Album Review: MillionYoung – Replicants

[Old Flame; 2011]

The challenge for chillwave artists in 2011 will be to expand their sound without abandoning the nostalgic spirit that made them so appealing in the first place. I expect the genre to shed its lesser adherents, those Washed Out wannabes who pound the same two or three chords on their Casio keyboards and expect continued recognition on The Hype Machine. Some will say that chillwave is over, but in truth it will simply be maturing beyond the clichéd adjectives so frequently ascribed to its music (“hypnagogic,” “nostalgic,” “hazy,” “half-remembered”).

If ever there were a good candidate to update chillwave, it would be Florida’s Mike Diaz. The biggest problem with his Be So True EP from early last year was its brevity; at just 17 minutes long, the five-track release tantalized listeners with solid songwriting and ethereal vocals indebted to (but not derivative of) Elizabeth Frazer’s unintelligible yet seductive singing for the Cocteau Twins.

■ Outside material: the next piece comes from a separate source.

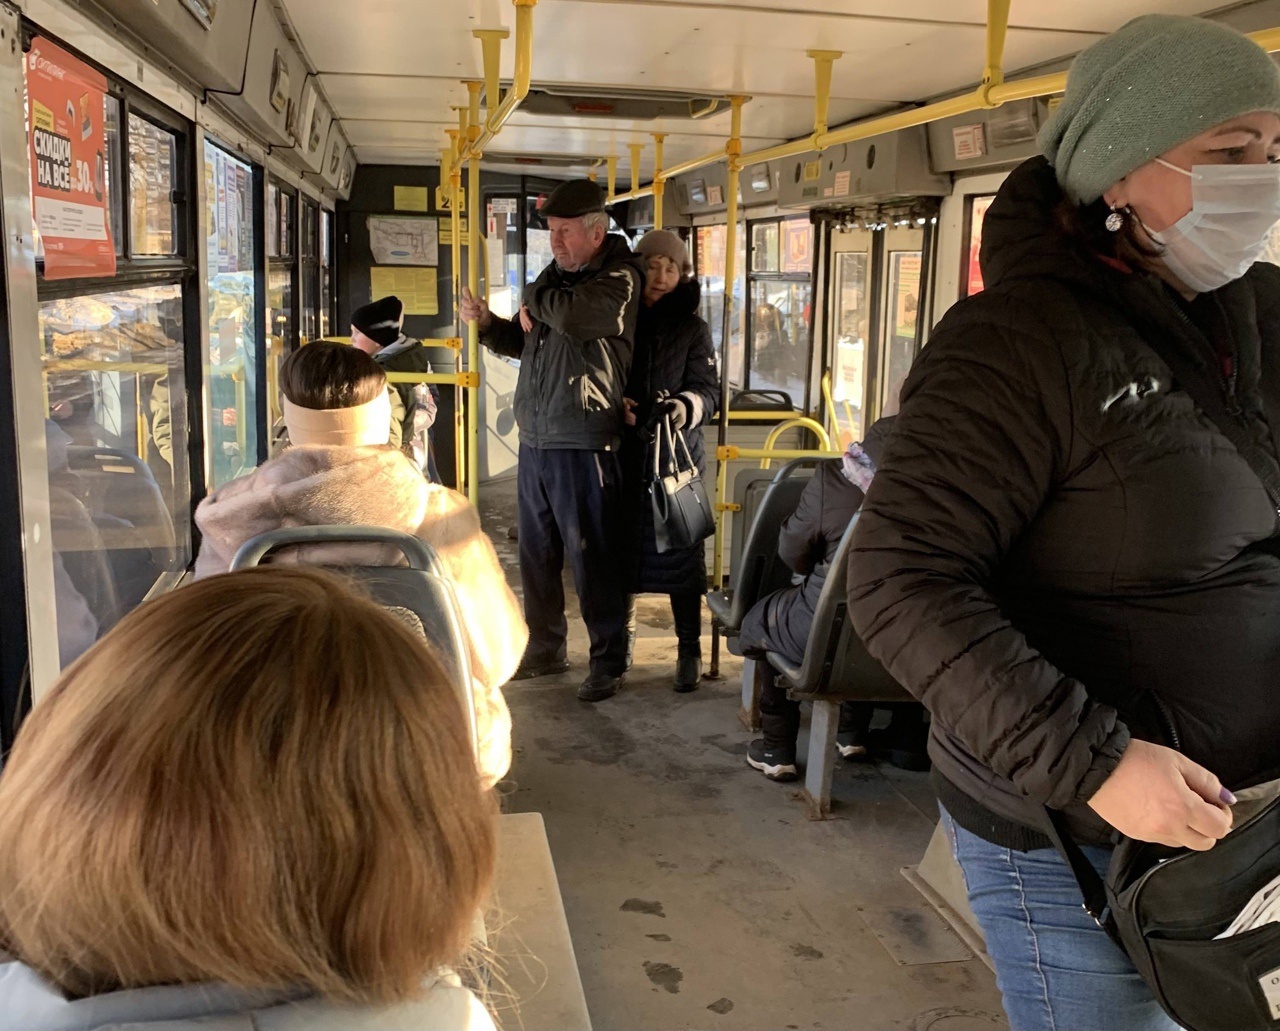 В Ярославле кондуктор выгнала ребенка из троллейбуса за отказ платить наличными

MillionYoung’s debut LP, ill-advisedly titled Replicants, sounds like his previous work on steroids. The songs are longer, the instruments more varied, the beats less uniform. Most effectively, Diaz brandishes a heavily-reverbed electric guitar, coating tracks like “Cosmonaut” and “Synanthropic” in a psychedelic ooze that recalls the trippy aura of Sun Araw and Ducktails. “001” also features an electric guitar, but this time Diaz uses it in a garage-rock context; meanwhile, lead single “Carlissian,” potential single “Perfect Eyes,” and album closer “Synanthropic” use acoustic guitars to refreshingly organic effect.

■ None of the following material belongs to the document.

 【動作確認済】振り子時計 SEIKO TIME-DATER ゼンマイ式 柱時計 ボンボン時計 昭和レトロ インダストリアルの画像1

Unfortunately, these moments of inspired guitar work don’t quite make up for the redundant melodies and formless songs that compose a disappointing chunk of the album. The Atari-disco “On On,” funky “Easy Now,” midtempo “Gravity Feels,” and waltz-like “Forerunner” all start promisingly but quickly turn boring; Diaz never develops these melodies into fully-fledged pop songs, choosing instead to repeat the same musical phrases and layer synth on top of monotonous synth. He stretches pleasant synth-draped moments into staticky approximations of ambient noise. Too many tracks here are beefed-up variations of the songs from Be So True and 2009’s Sundreamm, replacing their short-and-sweet charm with tedium.

The best songs here—“Carlissian,” the title track, “Perfect Eyes,” “001”—marry pop sensibilities with chillwave’s Vaseline virtuosity, but they are few and far between. “Tokyo 3” runs under a minute but ought to have been expanded, as it provides another intriguing possibility with backwards rhythm (think Missy Elliott’s “Work It”) and a haunting melody. The bulk of this album, however, consists of tracks that sound more like instrumental exercises than proper songs. “Gravity Feels” best summarizes this problem; its introductory rhythm is bouncy and nimble, with a laid-back bassline groove to carry it along. After two minutes, however, nothing’s really changed except for the addition of an occasional synth line that seems more like an afterthought than an integral element. It’s not until the song’s final minute (following an irritatingly loud breakdown) that something interesting happens, as Diaz sings over a guitar line that wouldn’t have sounded out of place on Peter Bjorn and John’s Writer’s Block. But before this portion has time to develop, Diaz cuts it short, casting a clumsy, stilted shadow over the entire track.

Earlier, I said that Be So True was too short. As it turns out though, its brevity may have been a key to its success. It seems that when MillionYoung has more room to breathe, he suffocates on his own ideas. There’s a great EP’s worth of material hiding within Replicants, and I wish it had stayed that way.